Monday, February 11, 2008

concluded

I'm back in KL! I miss my comp.

The trip was short but fruitful. I get to eat like a king. I had my annual dim sum fix. Guess that i won't have it for another year cos I won't take any dim sum in KL. I'm picky. Sigh, I miss those food now.

I can't remember when was it started. I'm not interested in angpao already. The amount was so small to me now. A dim sum breakfast plus meals plus transport plus movies. All of it will be gone just that.

Therefore, my focus has shifted to fellowship. As always. Aunts don't give angpao also fine la. We're actually earning money also. My cell member ask if I will need the angpao to fulfill the building pledge. Yea, I wish! But I don't have a bunch of rich relatives la.

I spent most of my time with primary classmates. The nature of our gang is completely different from the ppl I met in KL. We drink, we teasing each other, cursing is our mother-tongue. ALright, revealed too much. But we are good people. We still remember all the funny things we did. All the illegal things. All the parents-cannot-know things. All the teachers-cannot-know things. So many things to cheers, beers is water. Ahh, we drink every night.

But I feel there's something different in the way I feel this year. I'll never have enough when I started to work first year.
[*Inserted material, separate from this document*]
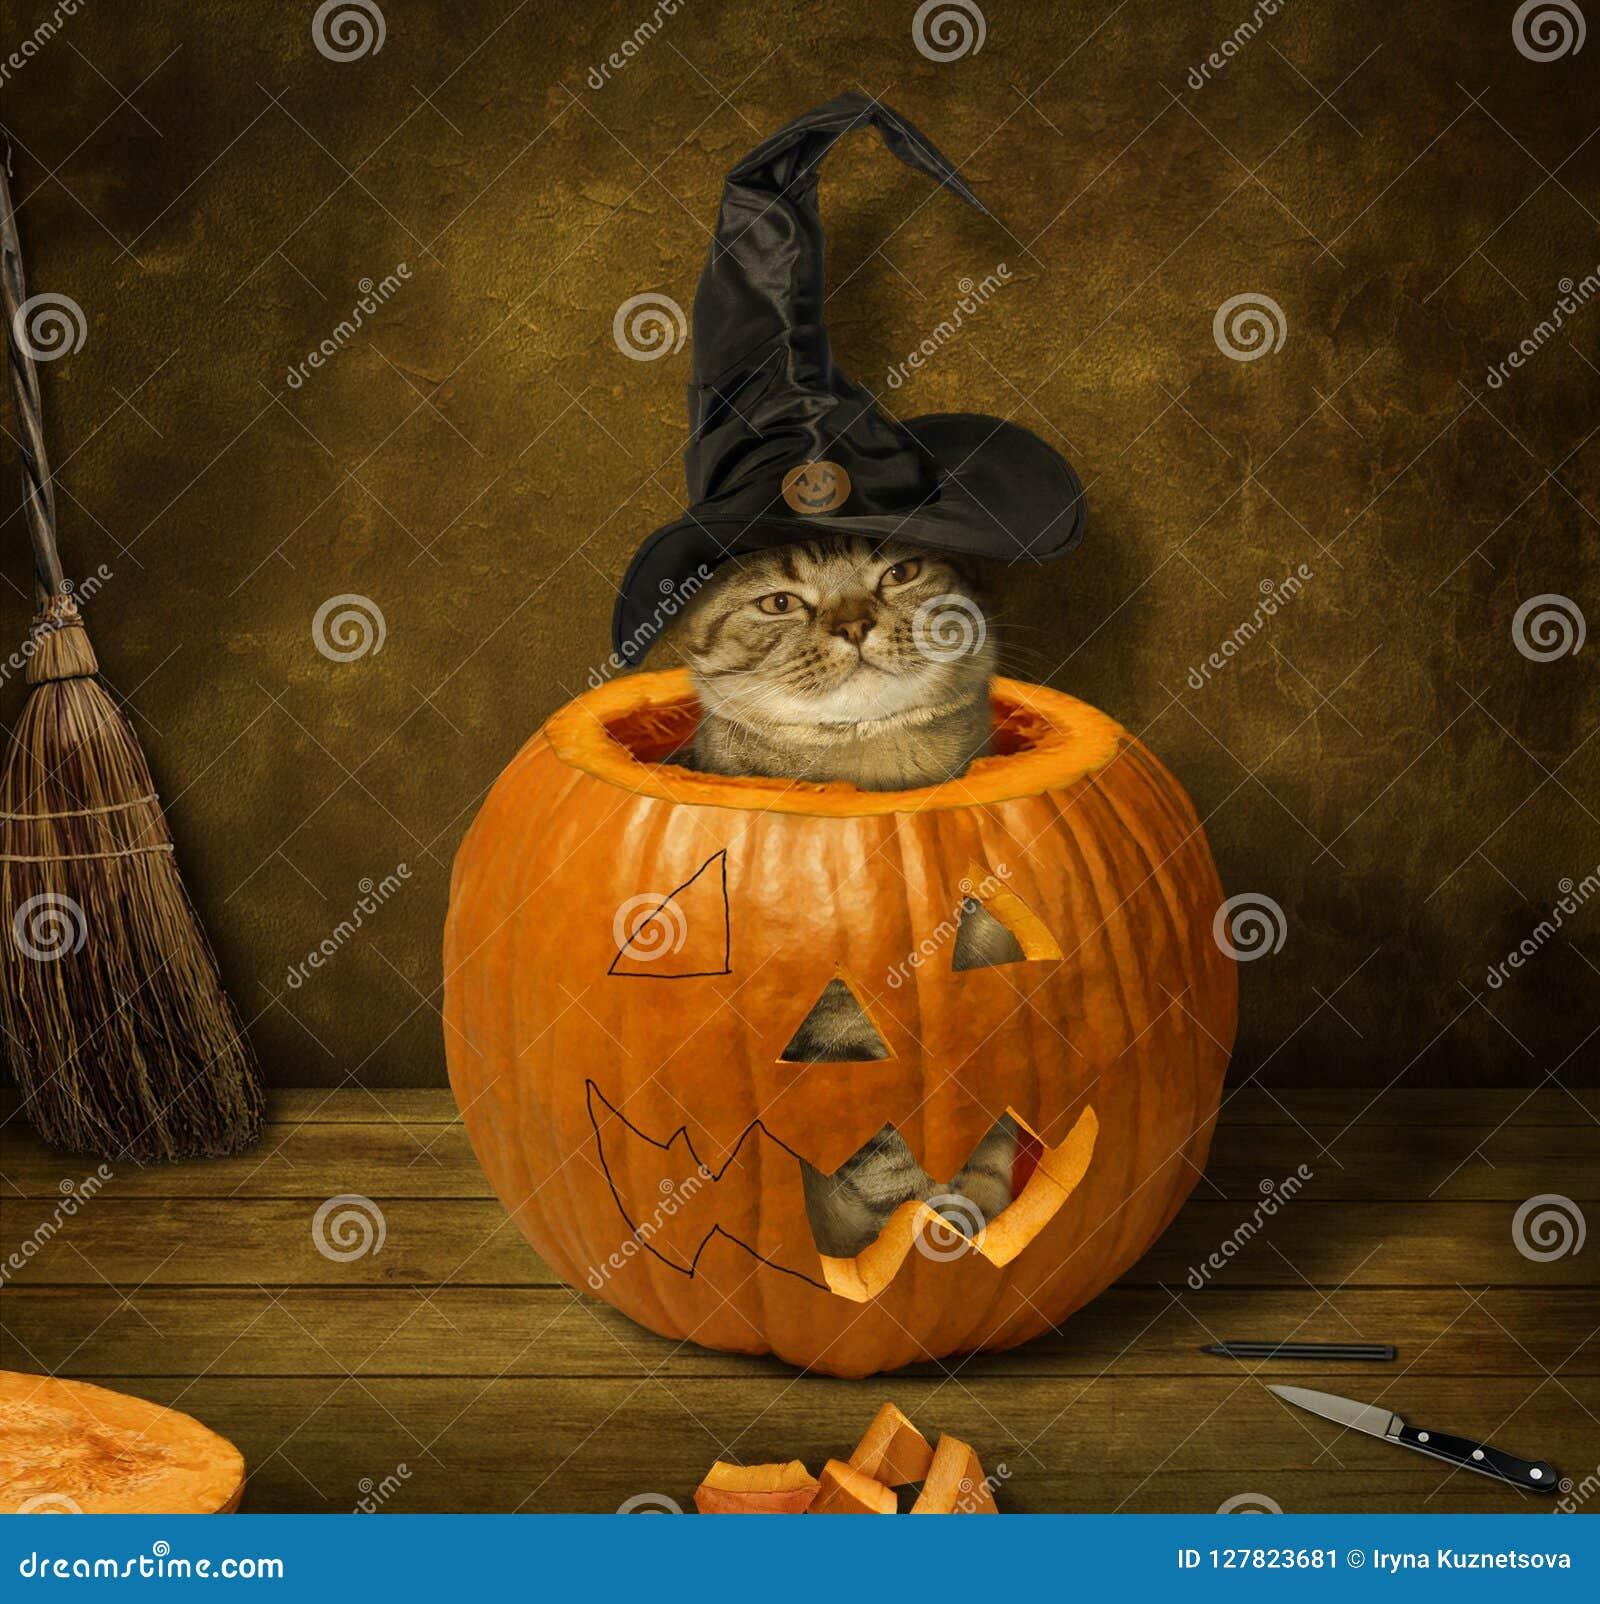 A cat in a pampkin.

Going back to Ipoh is like a headache sometime. But thank God for the new job. I have sufficient and more. Compare to many friends of my age. I probably considered doing very well. Of cos, I'm fine with people still thinking I have not enough like the old day. Money doesn't change who I am. I found this is true, my integrity is the same in the day I have 50 cents in my hand and the day I have 10k in my bank. I heard many preachers say that, now I truly understand.

Oh ya eun, my chocolate monster doesn't eat chocolate anymore. She eats EVERYTHING.